*** Available data ***
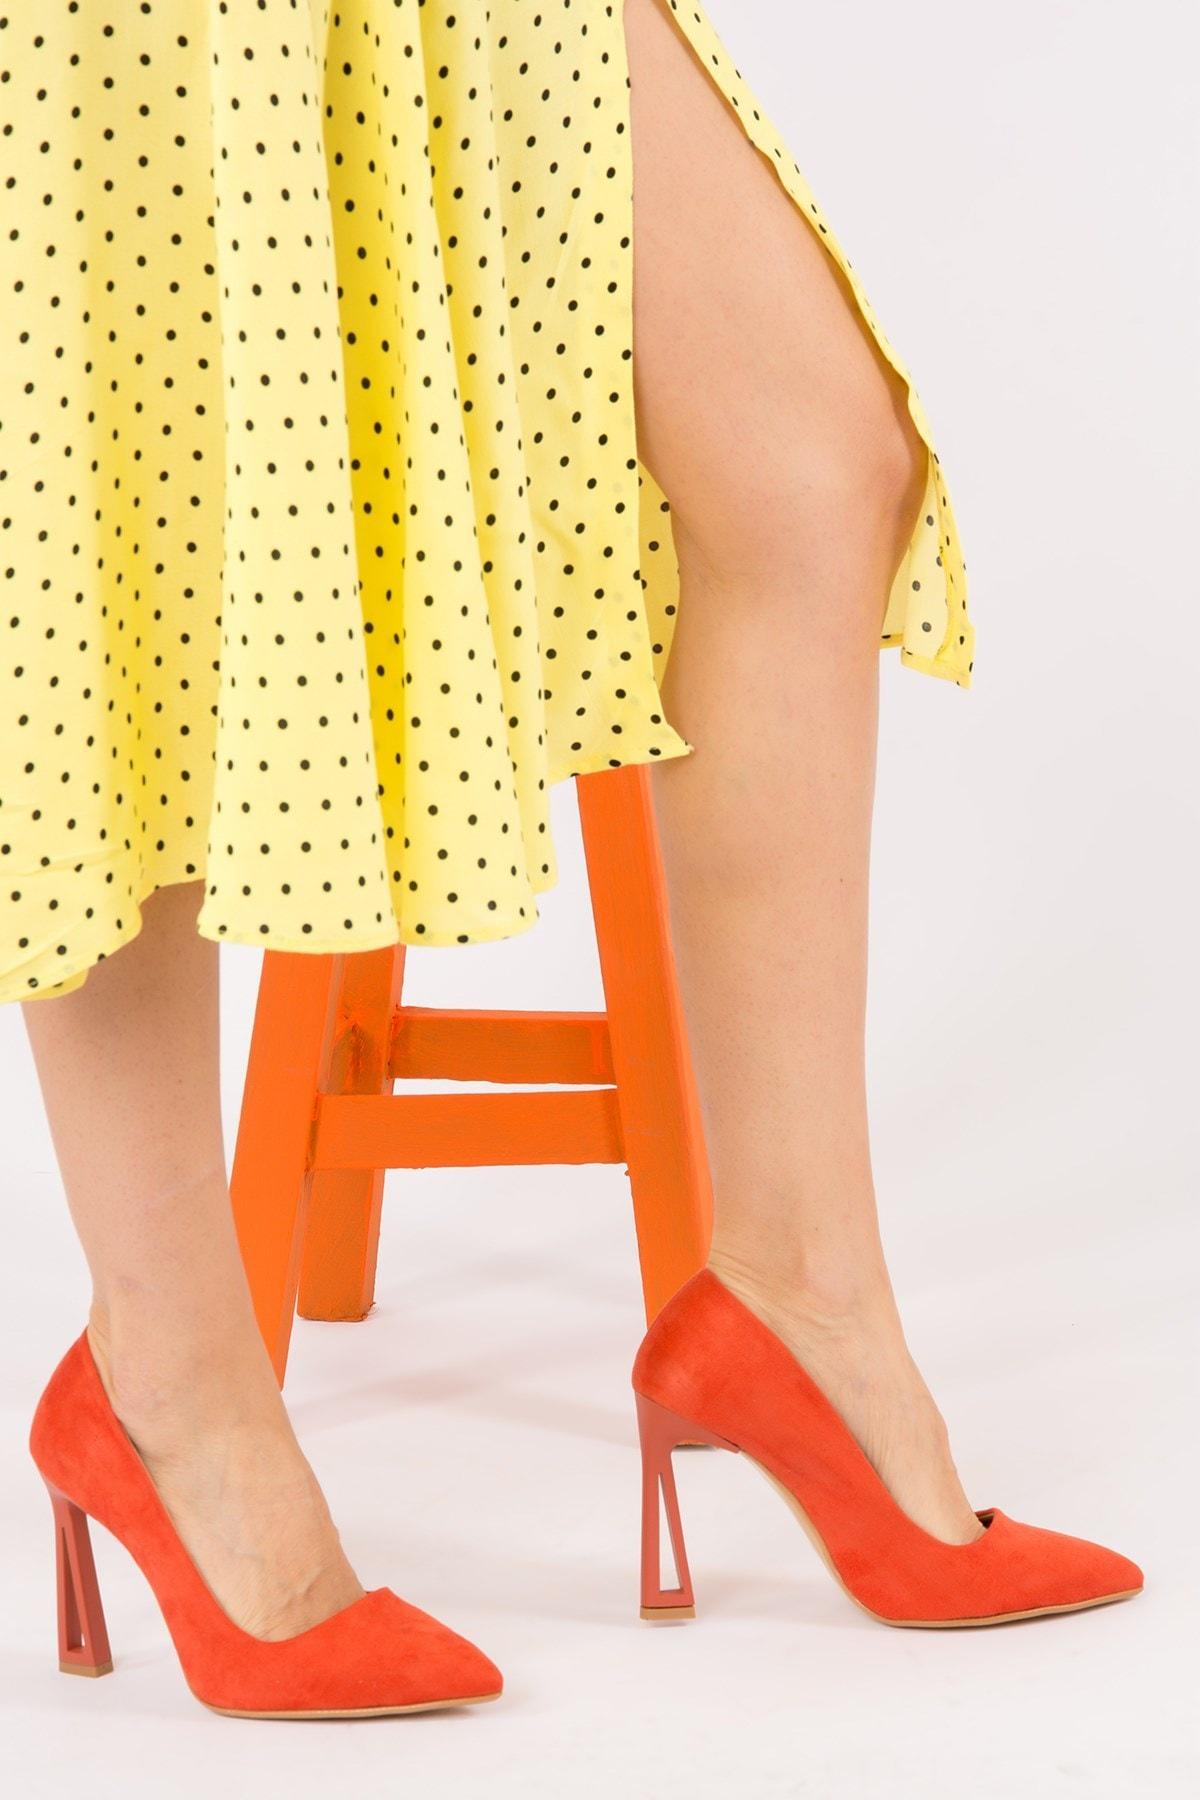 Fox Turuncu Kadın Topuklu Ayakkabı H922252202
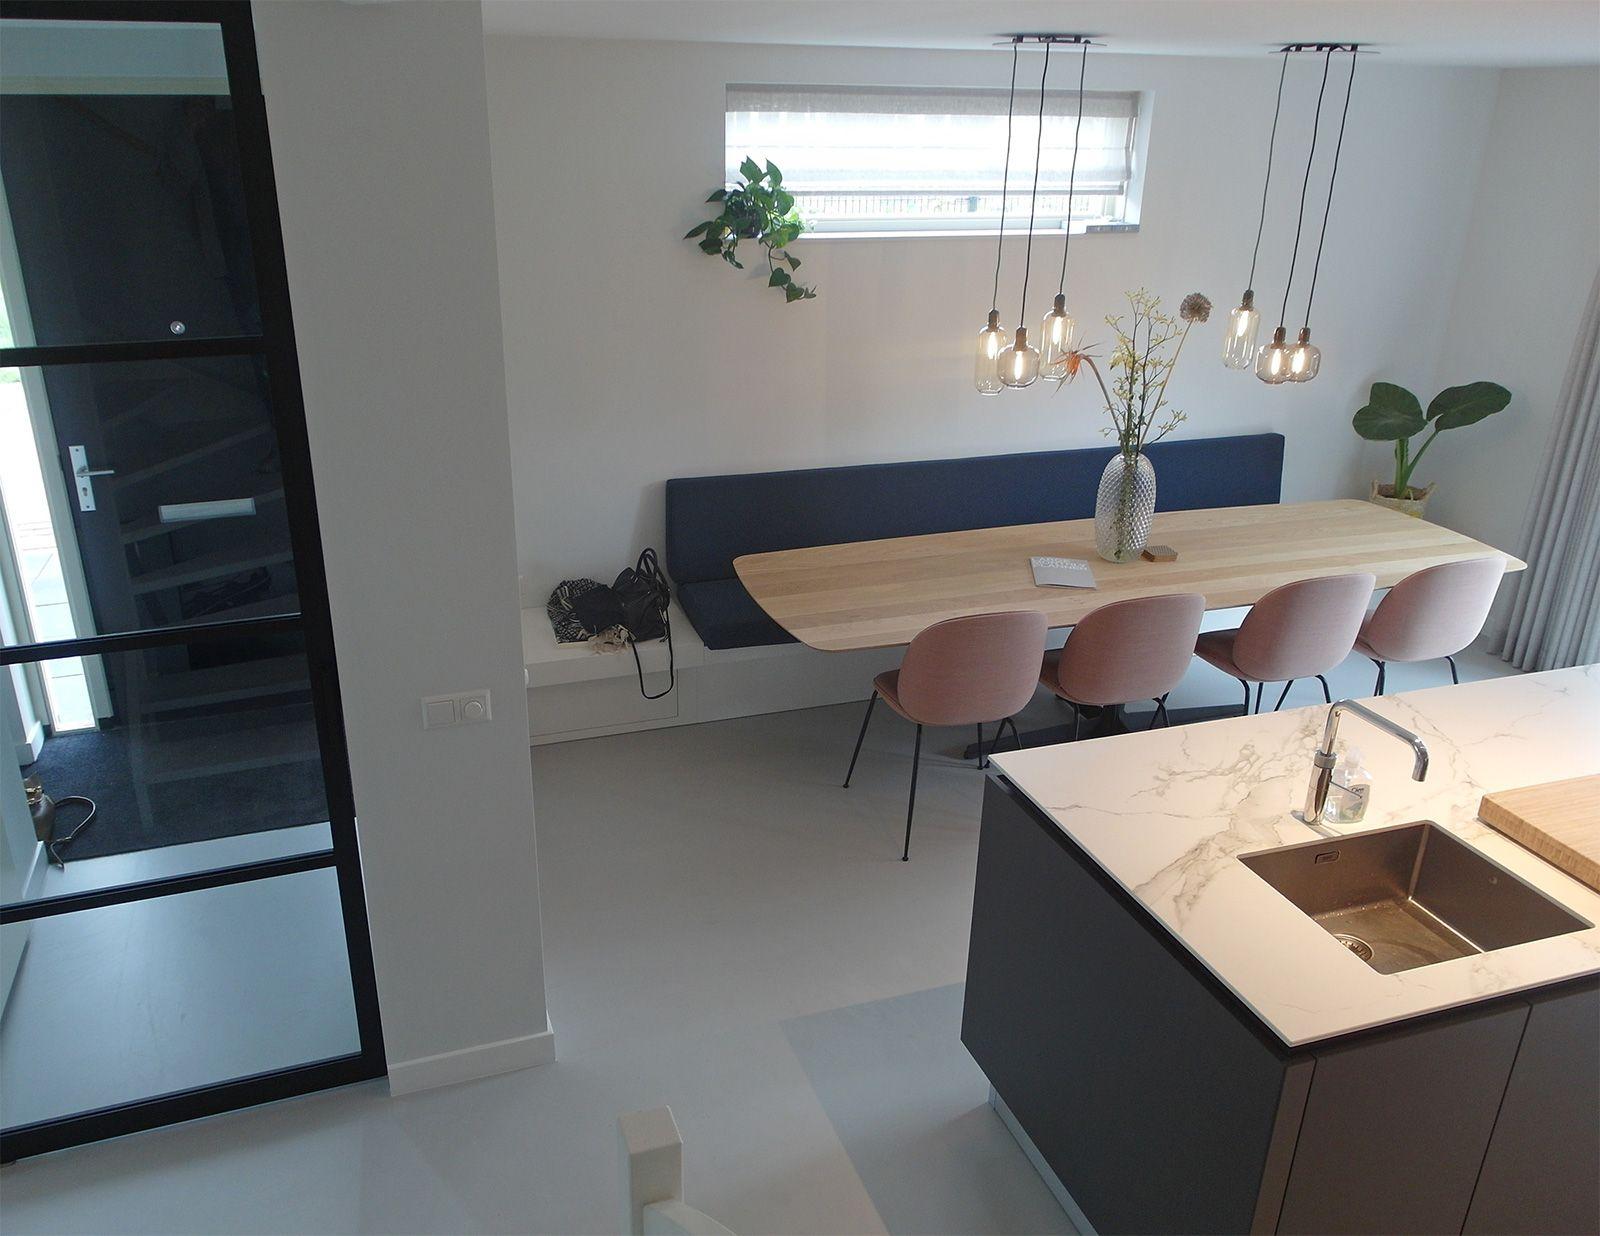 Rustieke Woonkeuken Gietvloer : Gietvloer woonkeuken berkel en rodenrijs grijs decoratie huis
*** End of Available data ***
*** Available data ***
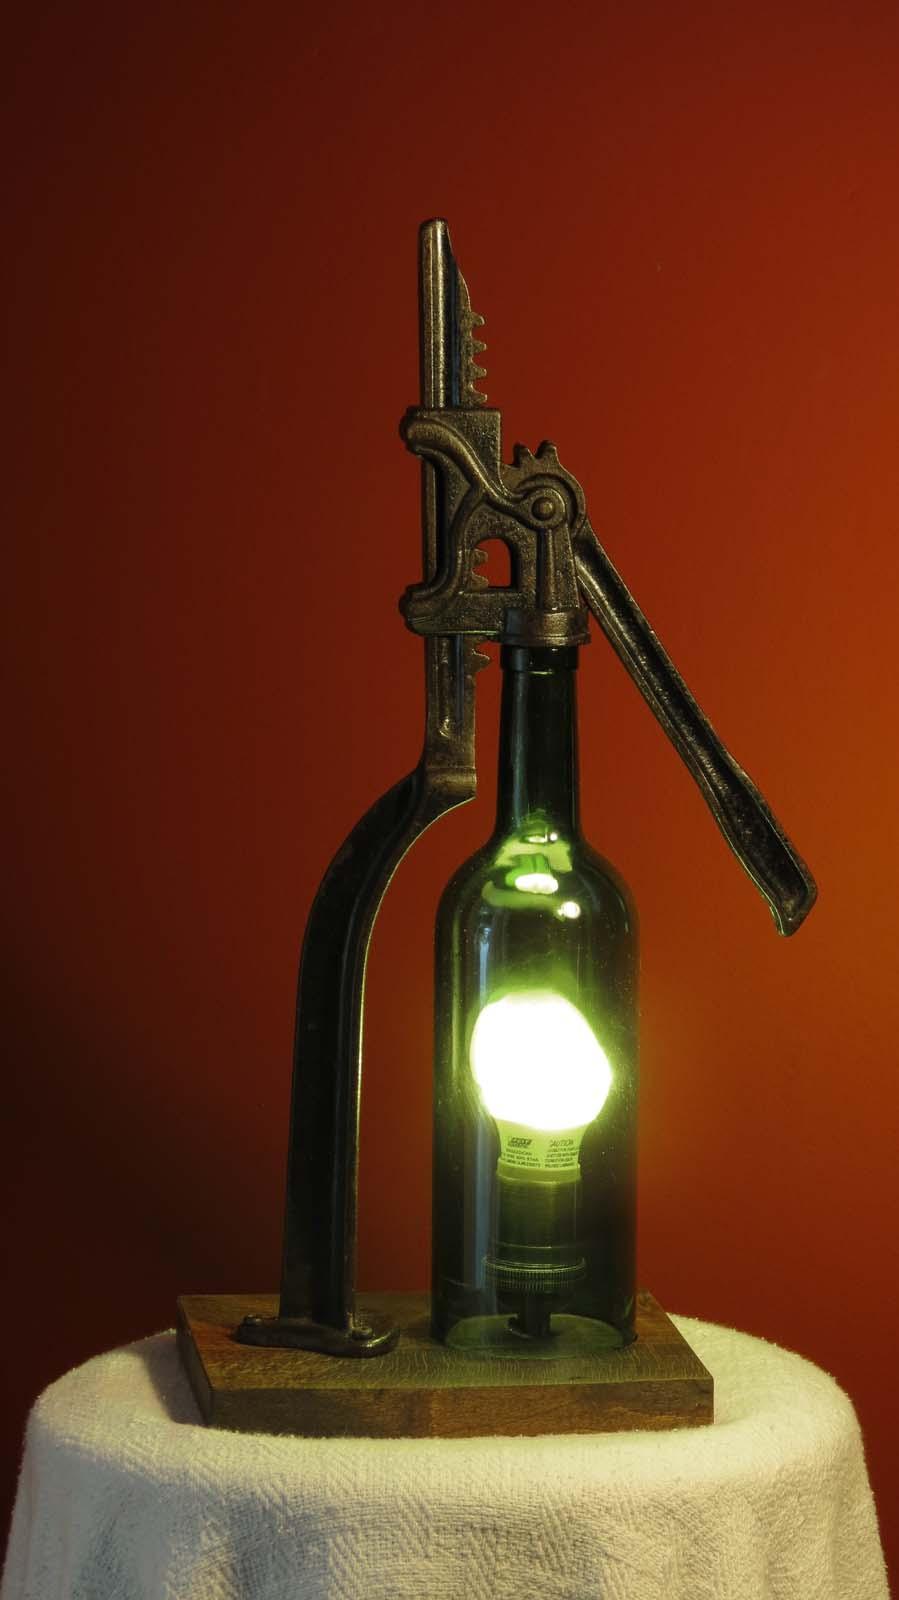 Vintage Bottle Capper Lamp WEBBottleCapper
*** End of Available data ***
# Instructions for the task:
Given the records above, return the lines starting at the one that holds "Fox Turuncu Kadın" and ending at the one that holds "Rustieke Woonkeuken Gietvloer", exactly, and nothing besides; leave every picture out.

# Result of this task:
 Fox Turuncu Kadın Topuklu Ayakkabı H922252202
 Rustieke Woonkeuken Gietvloer : Gietvloer woonkeuken berkel en rodenrijs grijs decoratie huis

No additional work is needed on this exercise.